BMJ 2007;335:801 (20 October), doi:10.1136/bmj.39370.657130.59
Ben Goldacre, doctor and writer, London
How doctors describe the many interactions between a person, their illness, and society has little purchase in the crudely dualistic world of popular culture
Although we are constantly told to "engage with the public," many doctors and academics avoid the media like the plague. This month, like many doctors before me, I walked into a broadcast studio a man and came out an ass.
The story was acupuncture. A major study had been published showing that acupuncture is more effective for back pain than conventional medical treatment, and as I sometimes write about complementary medicine and research methodology I was invited to discuss the study on BBC Radio 4, where nobody can tell that I look about 14.
The very interesting paper (Archives of Internal Medicine 2007;167:1892-8) had three arms. Results from the "sham" and "real" acupuncture arms were indistinguishable—make of that what you will—but both outperformed conventional medical treatment. The patients in the study, I should mention, were people who had already been failed by conventional medical treatment for an average of eight years.
If you're a doctor, you can probably imagine what I said. The important background information missing from the news reports didn't concern the study's methodological details or anything to do with acupuncture: what was missing was a wider understanding of back pain. Back pain isn't like tuberculosis or a fracture; it's one of the leading causes of sick leave and misery, but the simple fact that no clear cause is found itself exacerbates distress and causes conflict.
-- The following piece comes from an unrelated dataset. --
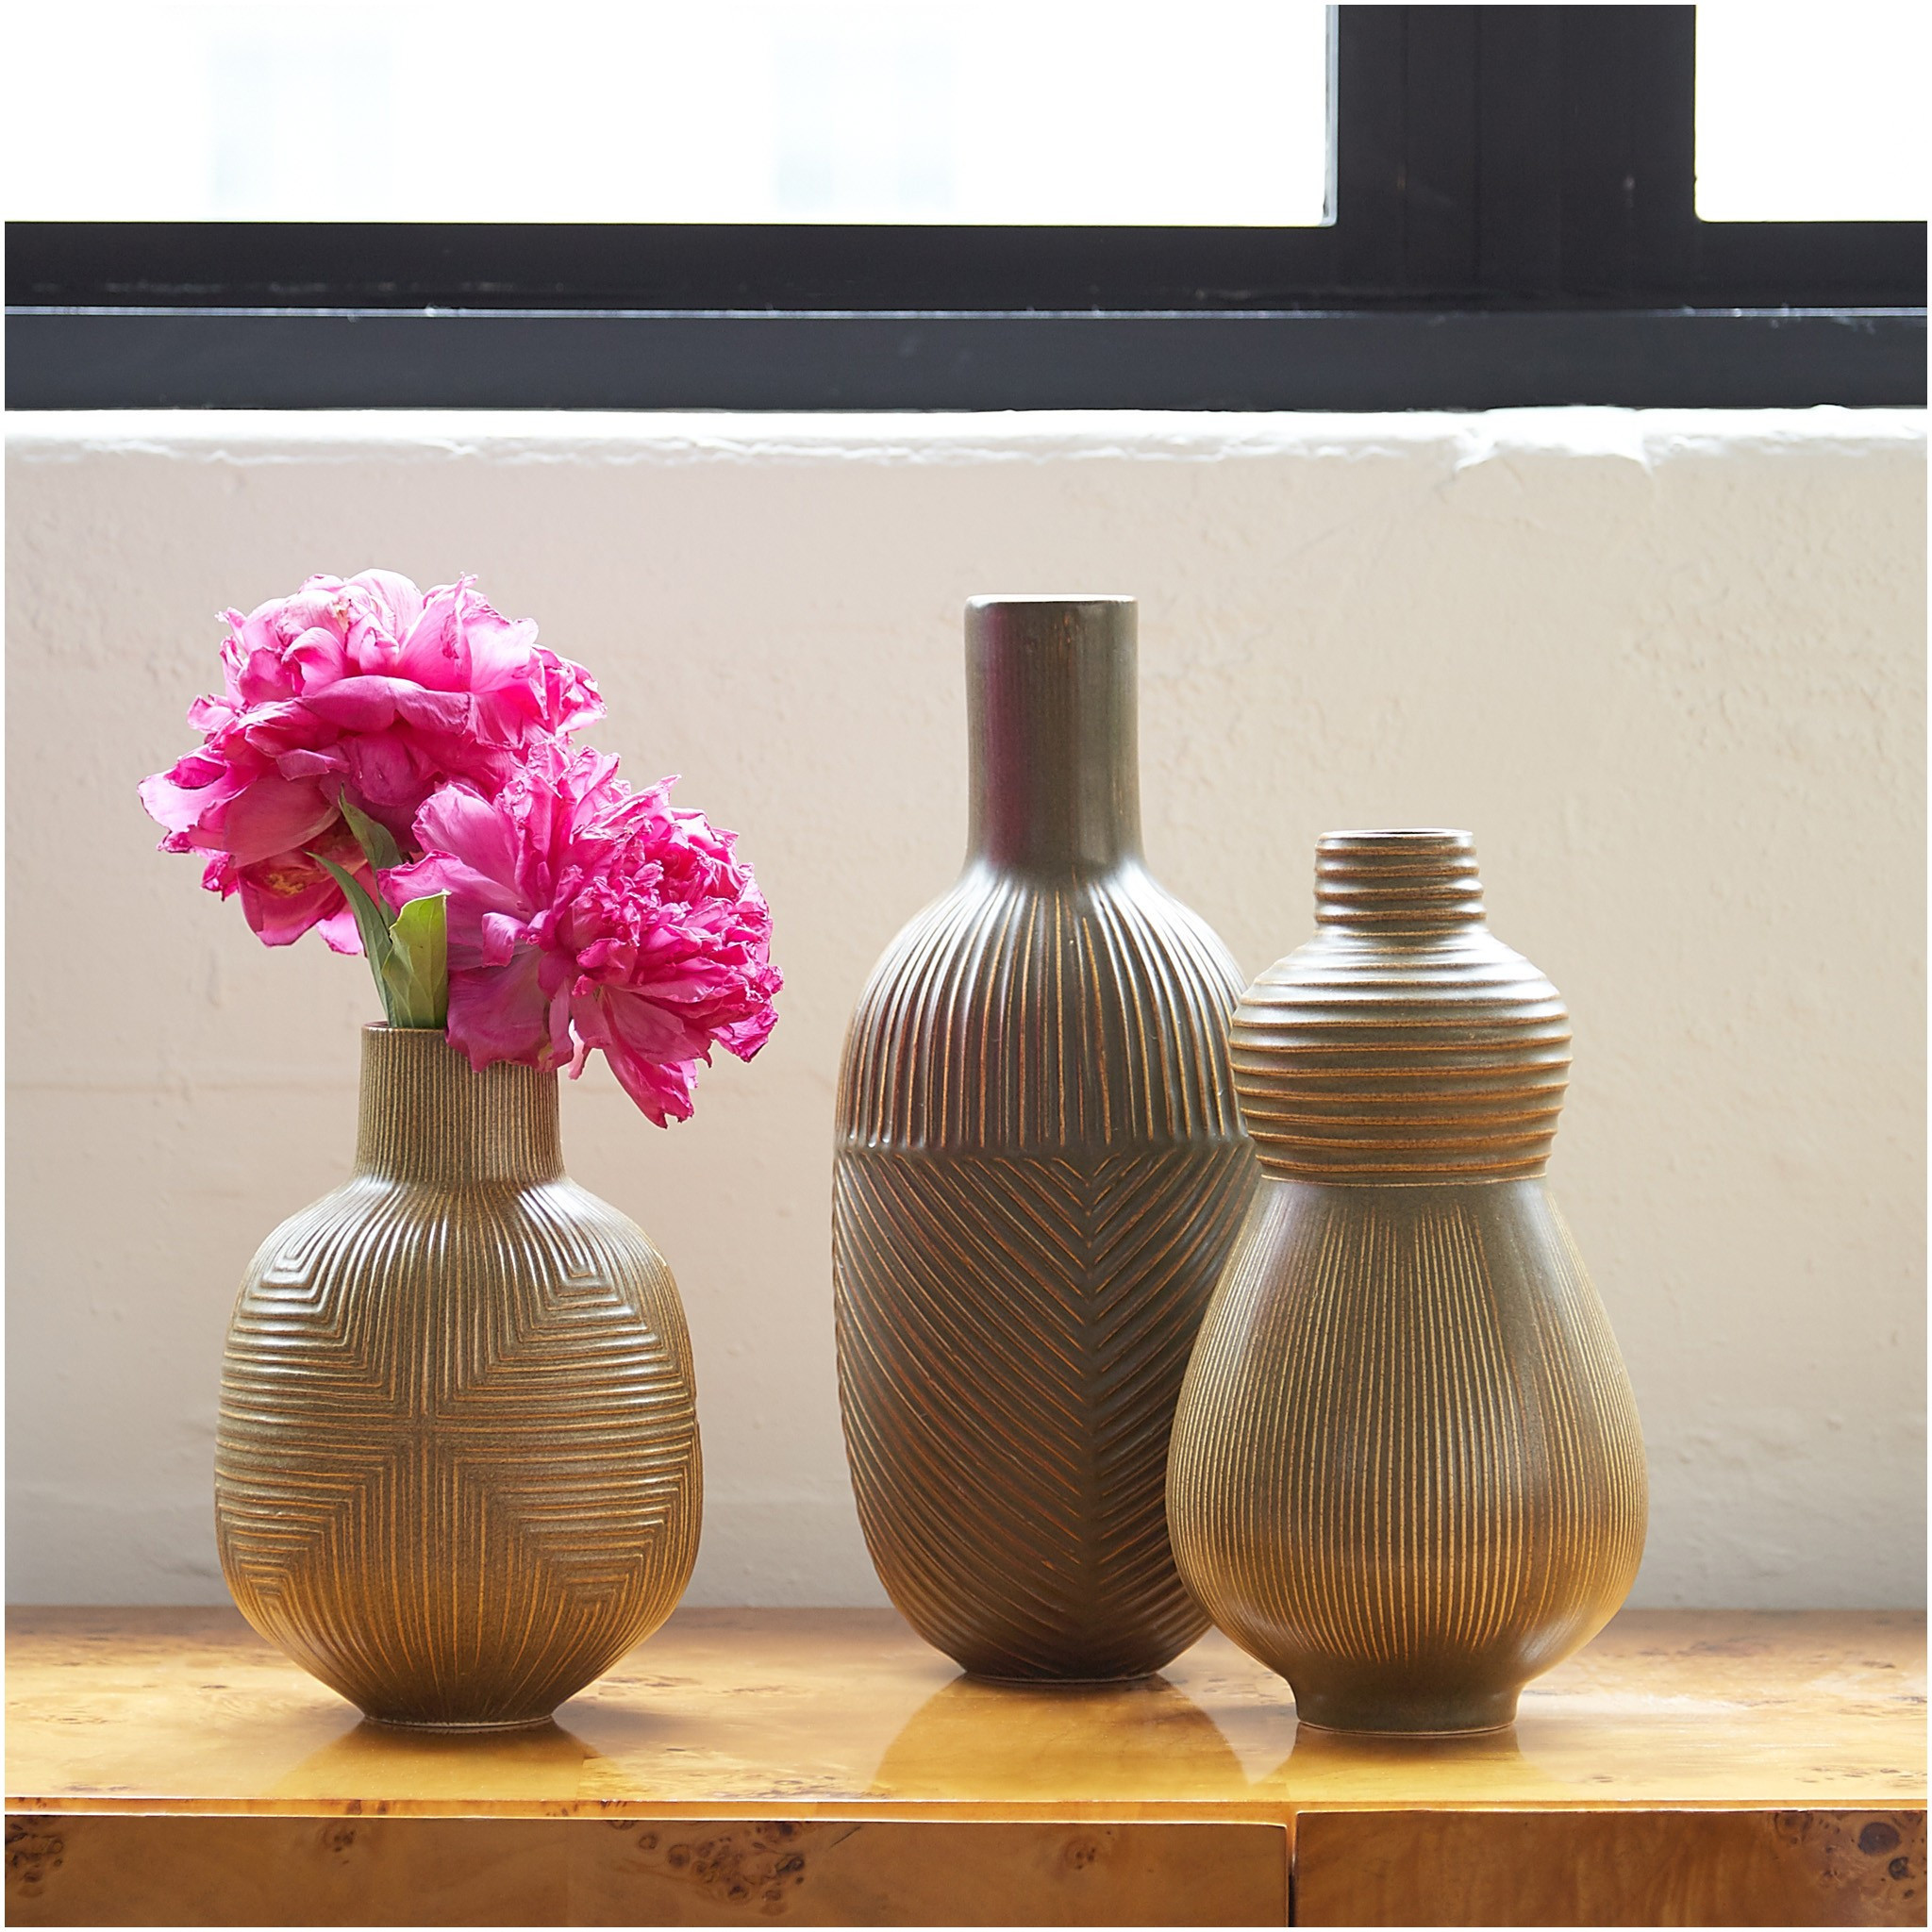 29 Stylish Decorative Vases with Lids 2023 free download decorative vases with lids of 21 beau decorative vases anciendemutu org within modern decor pottery relief vases 2015 styled b jonathan adlerh i 18d
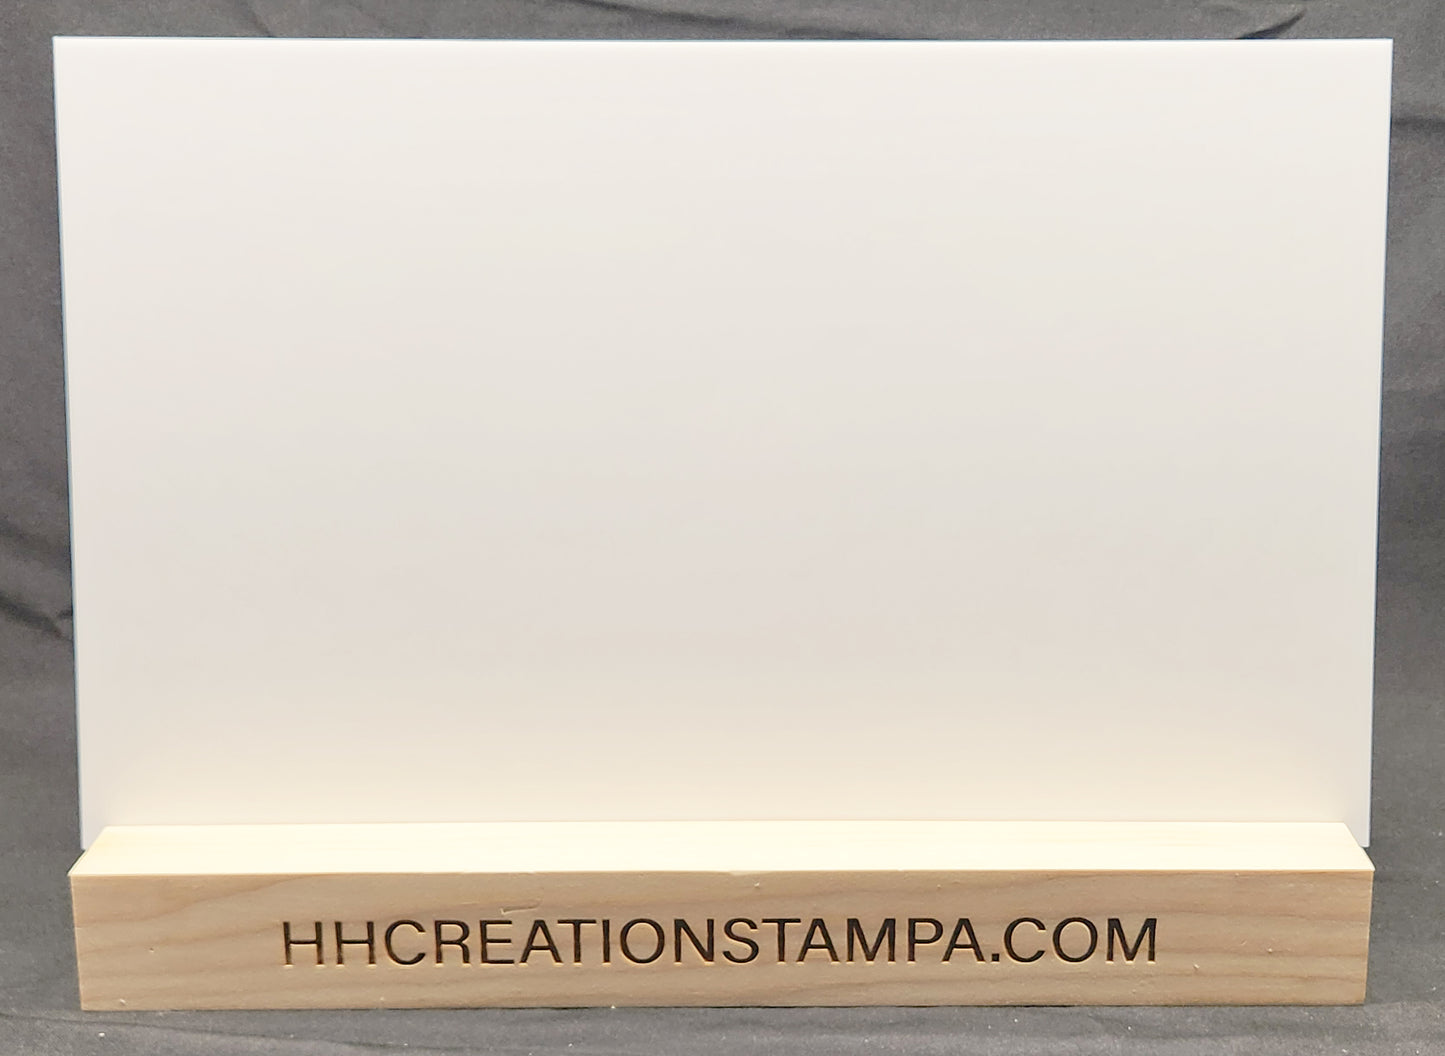 1/8" White Cast Acrylic Sheets - Glossy on Both Sides - 11.75" x 19"

And just as many of the big risk factors for a niggle turning into chronic, longstanding back pain are personal, psychological, and social—things such as working conditions, depression, job dissatisfaction, unavailability of light duty on return to work, and so on—so are many of the interventions.
Anti-inflammatory drugs are undeniably better than placebo, at the cost of possible side effects, but if you were going to look at the evidence beyond pills, then resting in bed is actively harmful (specific exercises can be too), and trial data show that simple educational interventions such as giving advice to "stay active" can speed recovery, reduce chronic disability, and reduce time off work. In fact, in Australia they even put money into that notion, and a simple public information campaign ("Back pain: don't take it lying down") was shown to reduce back pain significantly in the whole target population (Medical Journal of Australia 2001;175:456-7).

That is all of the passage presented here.